Missing Link Daily

A digest of the best of the blogosphere published each weekday and compiled by Ken Parish, gilmae, Gummo Trotsky, Amanda Rose, Tim Sterne, Jen McCulloch and Stephen Hill

Politics

Australian

Apathetic Sarah takes Julie Bishop’s latest pronouncement to its logical conclusion

Apparantly, out of the blue everyone has come to the conclusion – via the Petrol Kommisionar – that there is no such thing as a free lunch. Niall Cook and Joshua Gans have their say.

Pommygranate criticises the critics of the most recent marijuana decriminalisation scheme.

 
International

Avi Shlaim makes some tough calls about Israel on the 60th anniversay of its foundation:

In 1923, Ze’ev Jabotinsky, the founder of revisionist Zionism, published an article entitled On the Iron Wall. He argued that Arab nationalists were bound to oppose the establishment of a Jewish state in Palestine. Consequently, a voluntary agreement between the two sides was unattainable. The only way to realise the Zionist project was behind an “iron wall” of Jewish military strength. In other words, the Zionist project could only be implemented unilaterally and by military force.

Norman Geras keeps the focus on ever worsening Mugabe thuggery in Zimbabwe.

Aung Zaw argues that post-cyclone events in Burma show that the junta is incapable of running the country, let alone helping the victims. (Trouble is, like Mugabe they’re entirely capable of brutally suppressing opponents which is all that counts from their own viewpoints and in the short term renders all other observations marginally relevant at best).

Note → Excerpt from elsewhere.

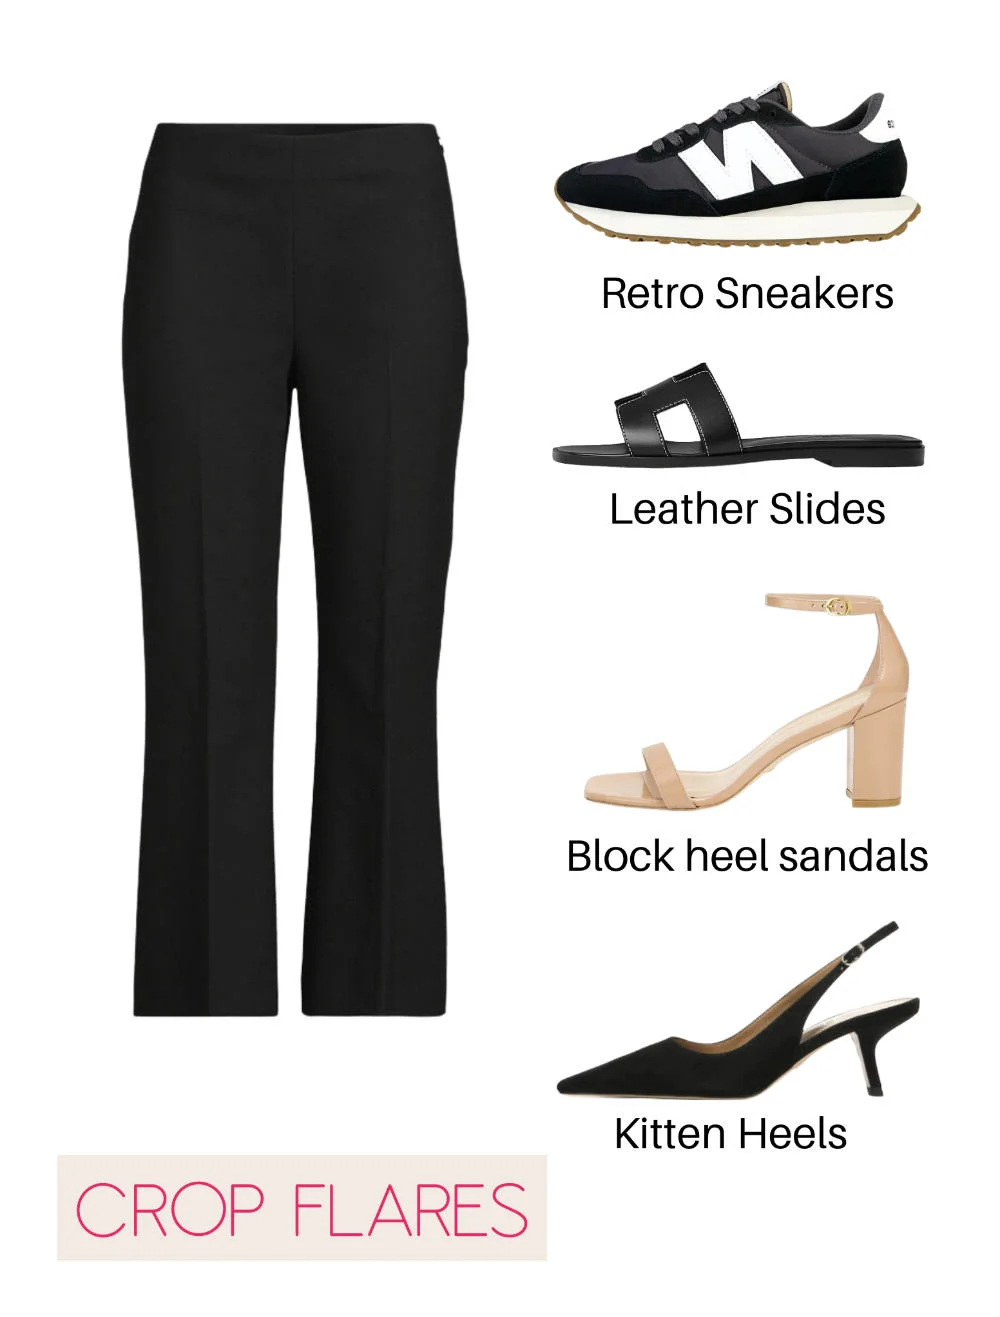 Collage of cropped black flare dress pants with 4 shoes to wear them with.
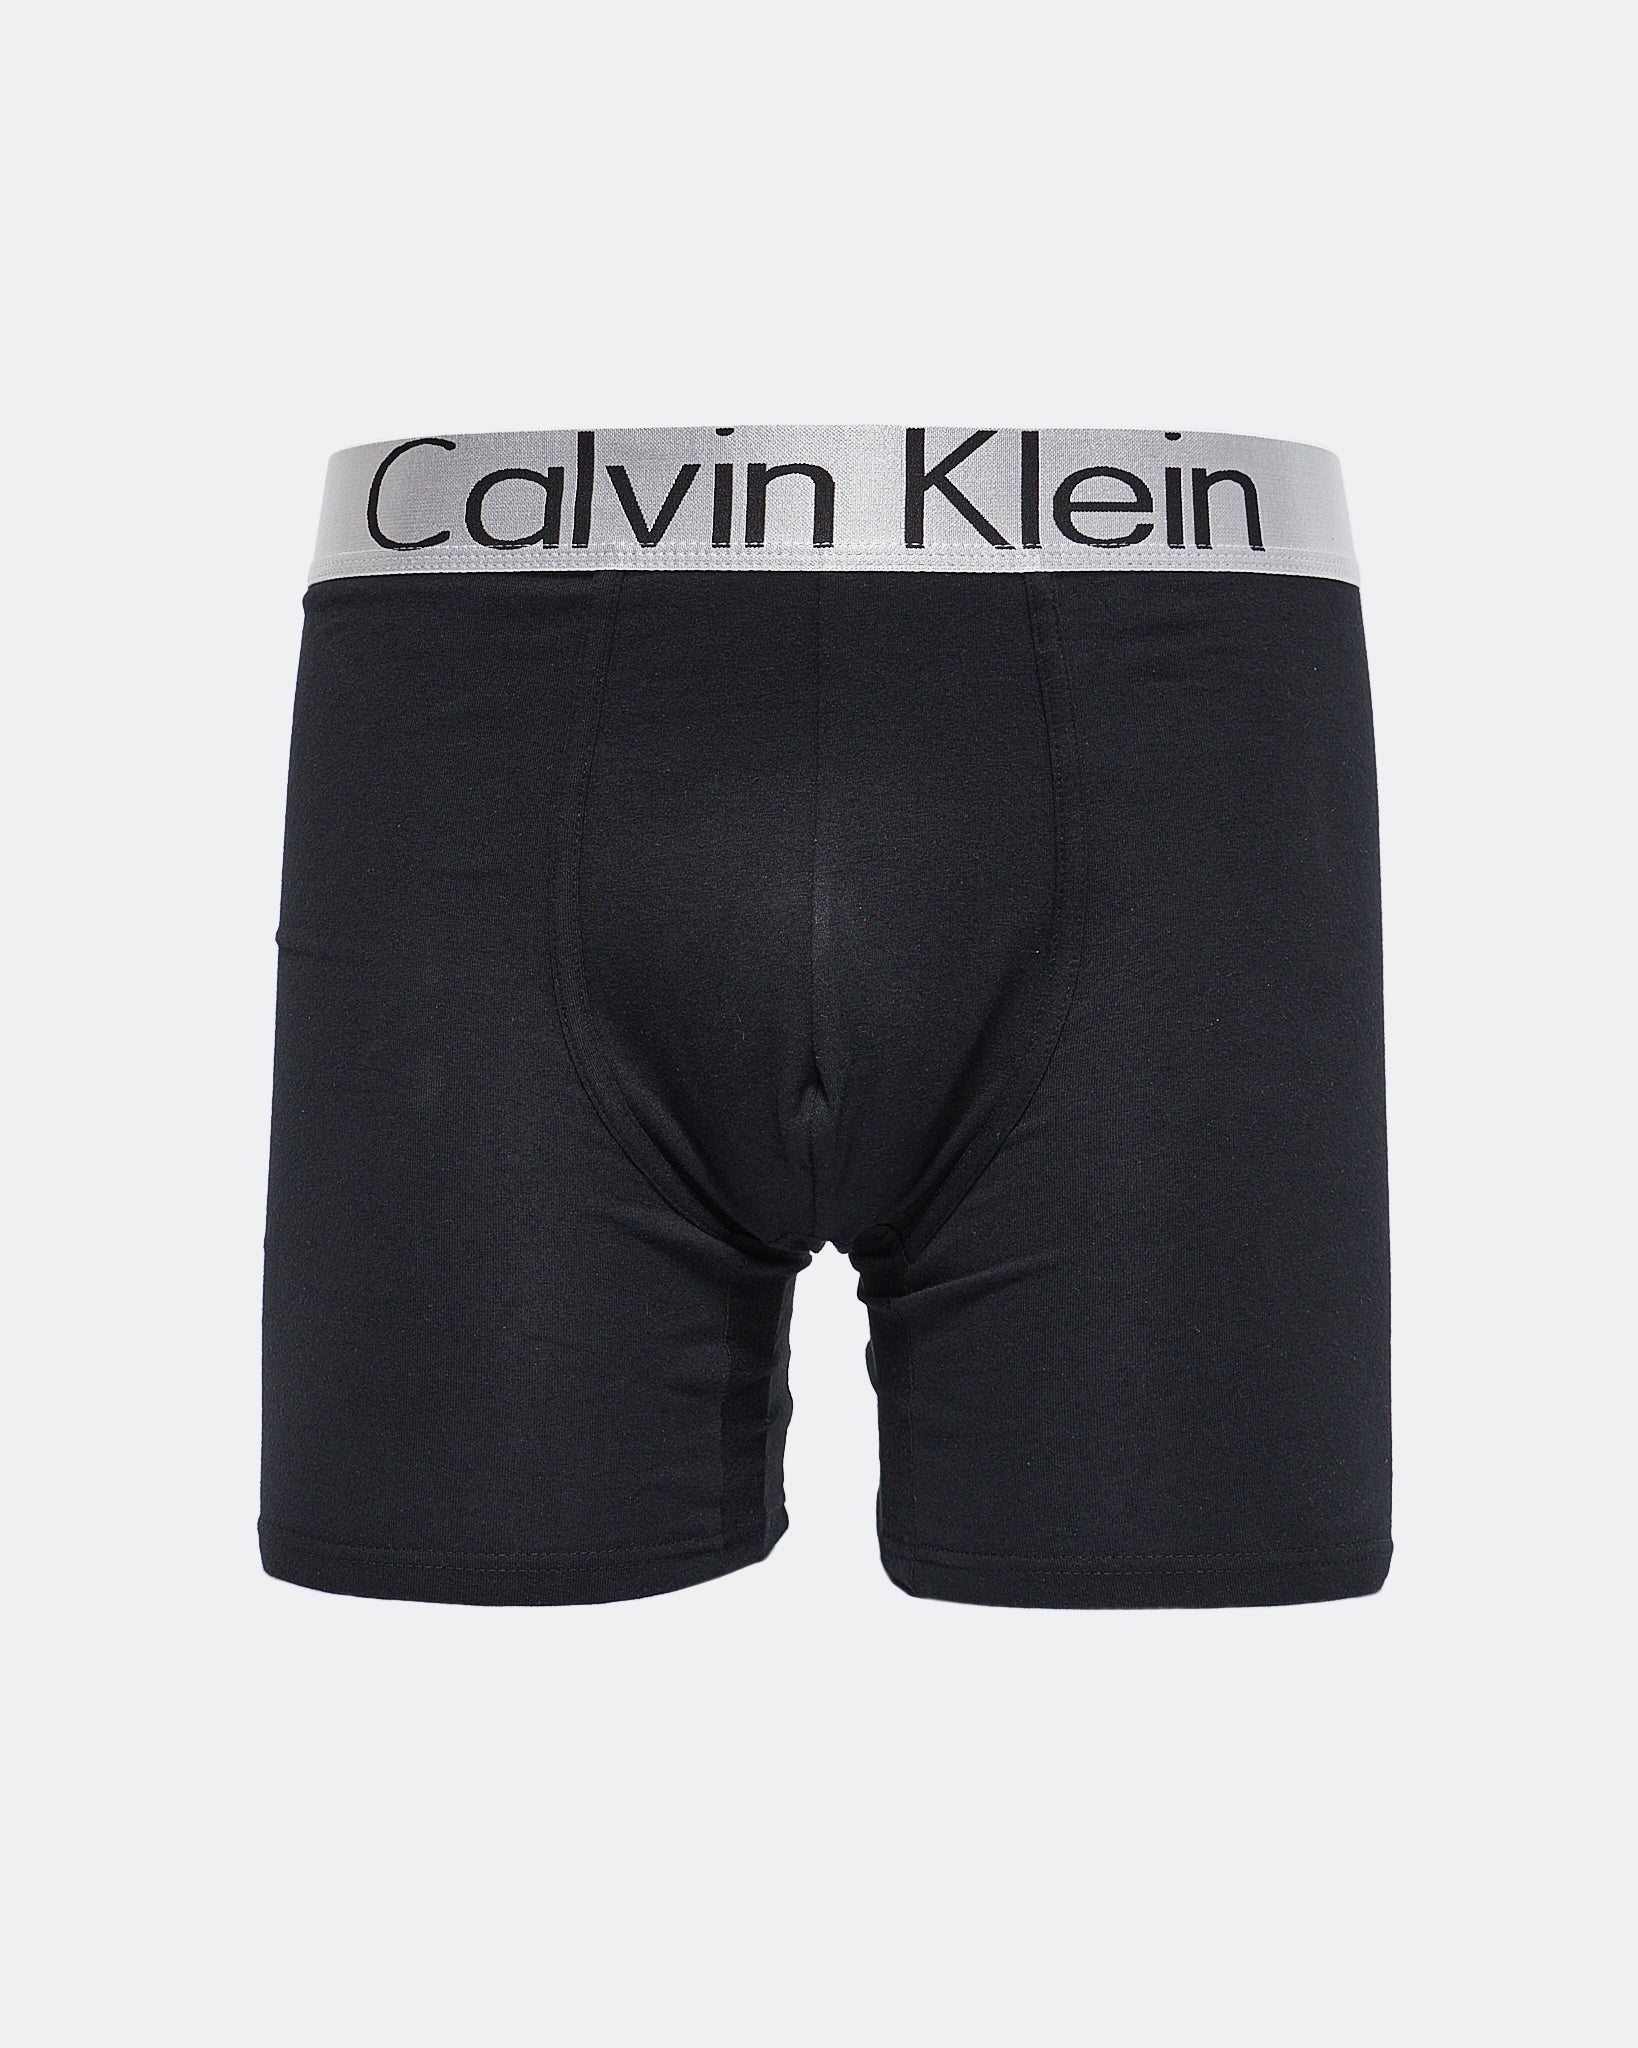 MOI OUTFIT-CK Logo Embroidered Men Underwear 5.90

Turcopolier is deeply suspicious about what Dick Cheney is up to in the Middle East at the moment.

Mark Edward Manning is ecstatic about the election of Boris Johnson as London Mayor (well, more about the demise of Red Ken really), while Brian Micklethwait ponders why Boris’s blog was such a non-event. ((rather like all the oz politicans’ blogs except Andrew Bartlett, and look what happened to him ~ KP))


Economics

Nicholas Gruen’s quick quide to What Is A Public Good? ((I seem to remember that it is the behavious of player character paladins. Publically good, bastards when no-one is watching.~gilmae))

Joshua Gans continues his series analysing the policy rationales for parental support payments, while Harry Clarke continues a running rant on the “impending wages explosion“.


Law

Andrew Koppelman maintains the rage on Bush v Gore, Justice Scalia and conservative academic lawyers in general, while conservative academic lawyer David Bernstein suggests he’s full of s**t.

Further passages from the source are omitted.